Before the concert there was a guy outside selling a book he printed of the lyrics. Seemed ridiculous. After the concert I wish I had bought it. I had already bought four of my favorite songs from the new album. I had been listening to them over and over and over again. Some of them it seems are about dying or are singing about thinking about dying.

We went especially wild after some songs and he said, “Why thank you very much” which is the only time he said anything. He said it in an Appalachian gentlemanly way that seemed precious. The evening was in the Fox Theatre which is the most beautiful theater I’ve ever been in. We bought beers in the theater before he went on and took them to our seats. Loved that. We could have beers but we couldn’t have our phones. Loved that. Because I didn’t have a phone I had a hard time finding my concert buddy whose ticket I had. I wondered how we did things in the past.

The audience screamed with wild abandon the few moments he played the harmonica.
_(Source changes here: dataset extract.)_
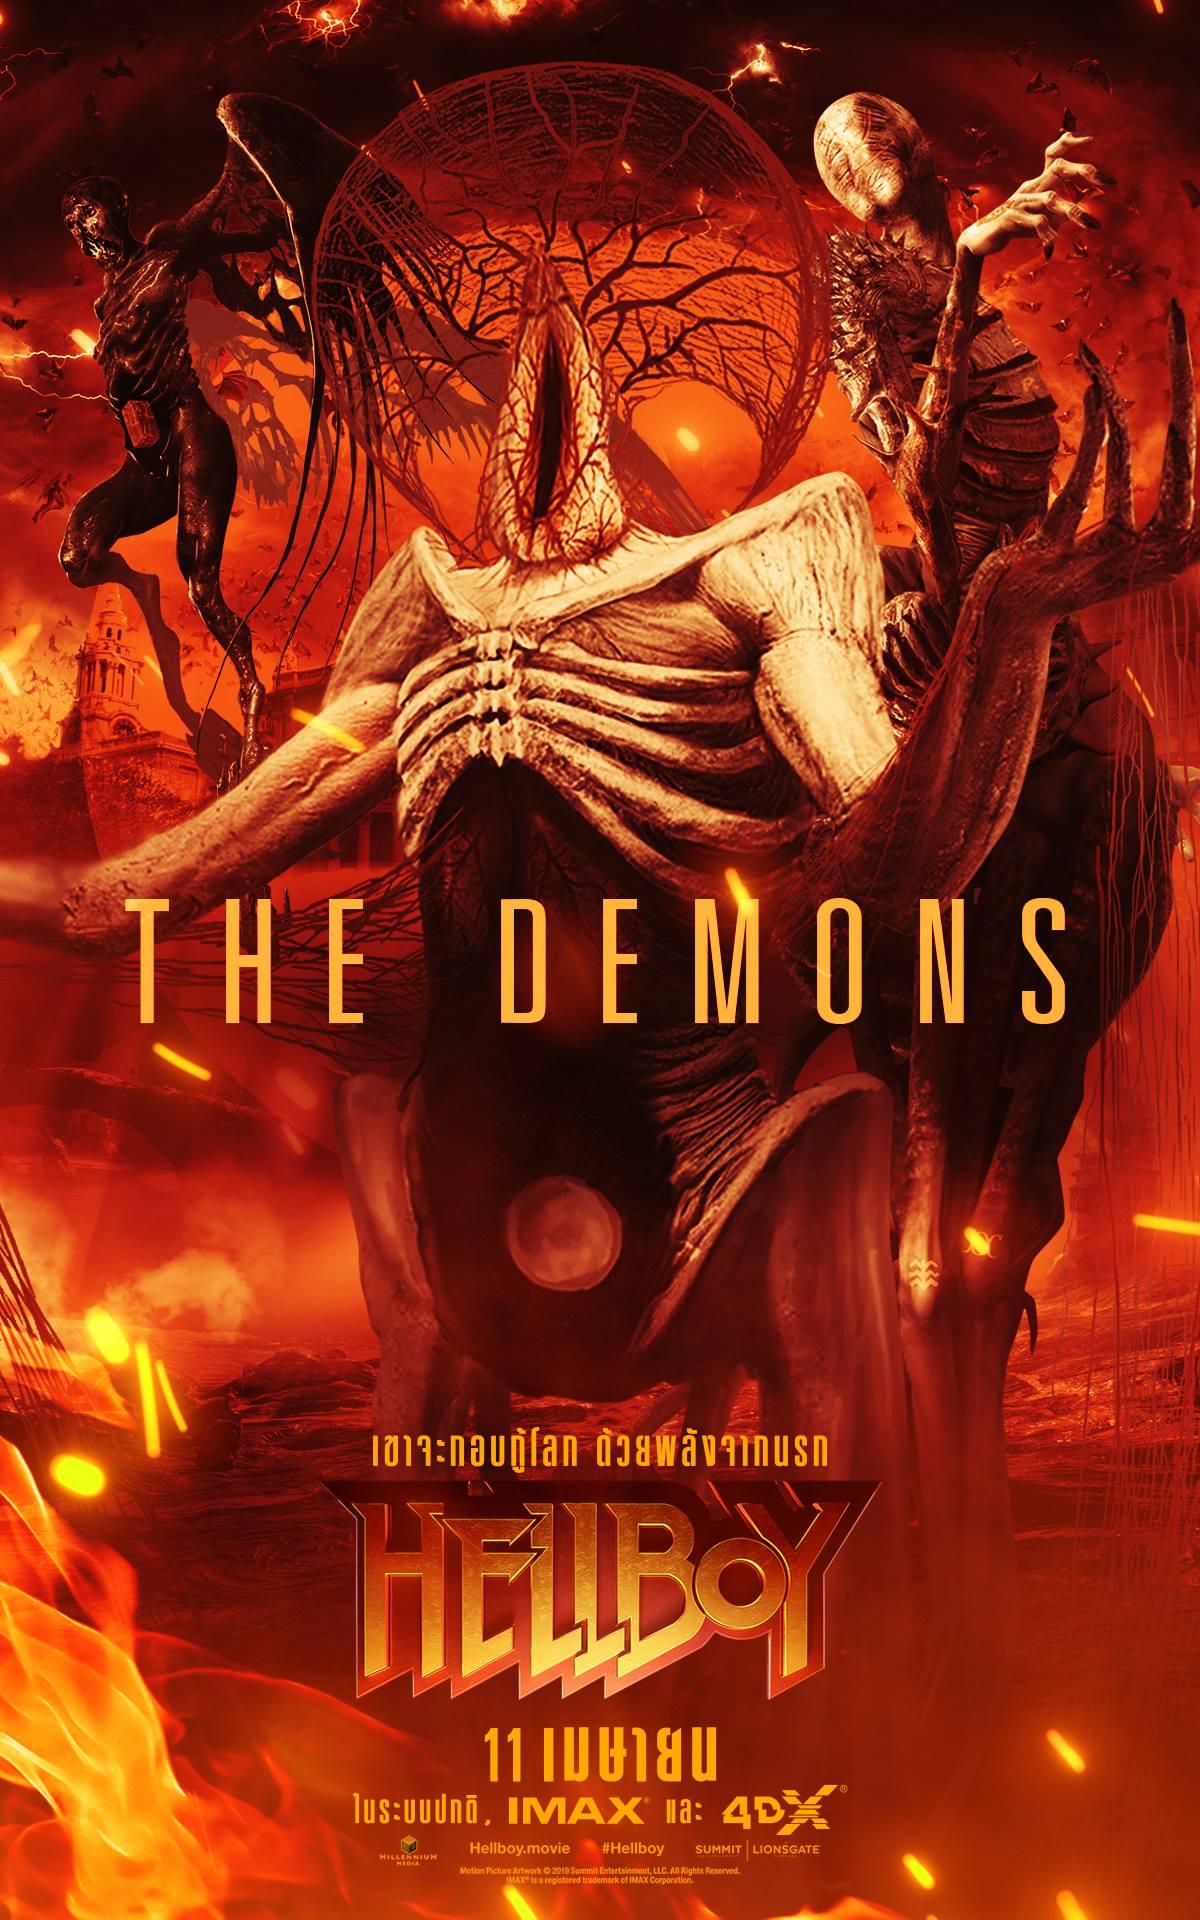 Hellboy Movie Characte... Milla Jovovich Hellboy Reboot

Who else plays the harmonica? In thinking about the concert before I went I thought he probably will not play the harmonica because I’m guessing that takes more breath than to sing but he did play it and we went wild.

In the middle of the concert he introduced his three guitarists, one keyboarder and the drummer. After he played all the songs on the album, he left the stage with the introduced guys. We clapped & shouted & clapped. The audience of all ages stood up and cheered. However it was clear that this guy was not gonna get back on stage; this guy that only does what he wants to do. This 81 year old guy who plays night after night in different cities close to each other in small venues: Oakland, San Jose, Sunnyvale. And then off to LA. No encore here. Just as well with me. I am satisfied. 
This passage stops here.